The OSX server has already been shipping for several months. The OSX desktop operating-type system is scheduled for release next year, he said.

“Obviously, PCs have a much greater market penetration,” Temple said. “Many tools that have been in place for a long time are not available on a Macintosh. The companies that produce them don’t see the smaller market as a viable option for their development dollars so they continue with what they’re used to, and that’s fine.”

The Macintosh fluctuates between a 4% and 9% market share, he said.

“On the other hand, BMW has a 2% share of the automotive market and does quite well, so you can’t use market share alone as an option,” Temple said.

Ashley Mitias, general manager of PC Warehouse in Jackson, said PCs beat Macs in product availability and peripheral additions.

“With a much larger market for PC clones, you can buy outside the name brand for a reasonable price and do the tech work yourself on a cloned PC,” said Mitias. “You can do that on the Mac, but it’s more difficult with a smaller knowledge base.
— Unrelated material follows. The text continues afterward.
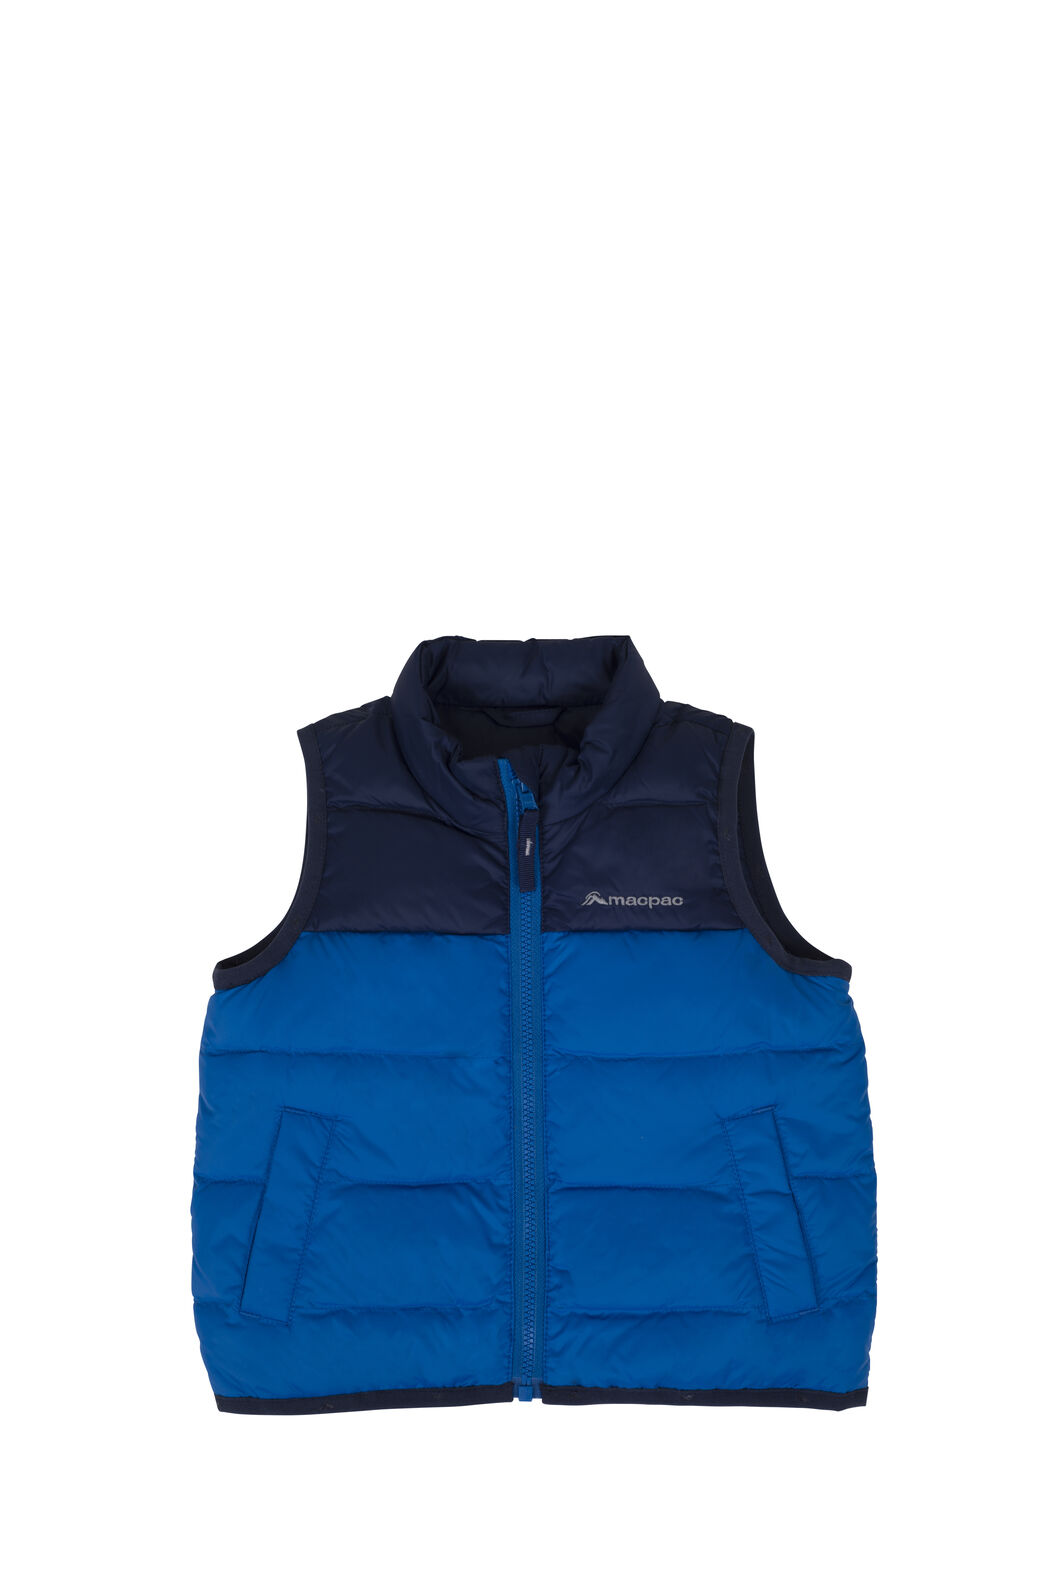 Macpac Atom Vest - Baby, Black Iris/Snorkel, hi-res

The support and the configurations of the PCs are more unlimited. The PC market seems to have more stable companies. We’ve actually moved architectural firms from the Mac to the PC in the last several months.”

After selling PCs all day long, what does Mitias have at home? “My husband is an architect and a Mac G-4 guru. Since I only need the computer for the Internet, we’ve compromised and own a Mac,” she said.

David Bunger of Jackson, an AVID video editor for WAPT-TV, has worked in video houses with PCs and Macs and “would take a Mac any time.”

The loyalty of Mac users is uncanny, said Hutto.

“There’s a certain camaraderie among people who use Macs that you don’t see with PC users,” he said. “Mac users have a unique loyalty to the computer and enjoy being around people that use Macs. Perhaps it’s because Mac people tend to share more information about programs than PC people. Maybe it’s that after you’ve been let down by a PC, you know it’s coming. There’s the PC credo: save early, save often. For that reason alone, they are more secure with a Mac.”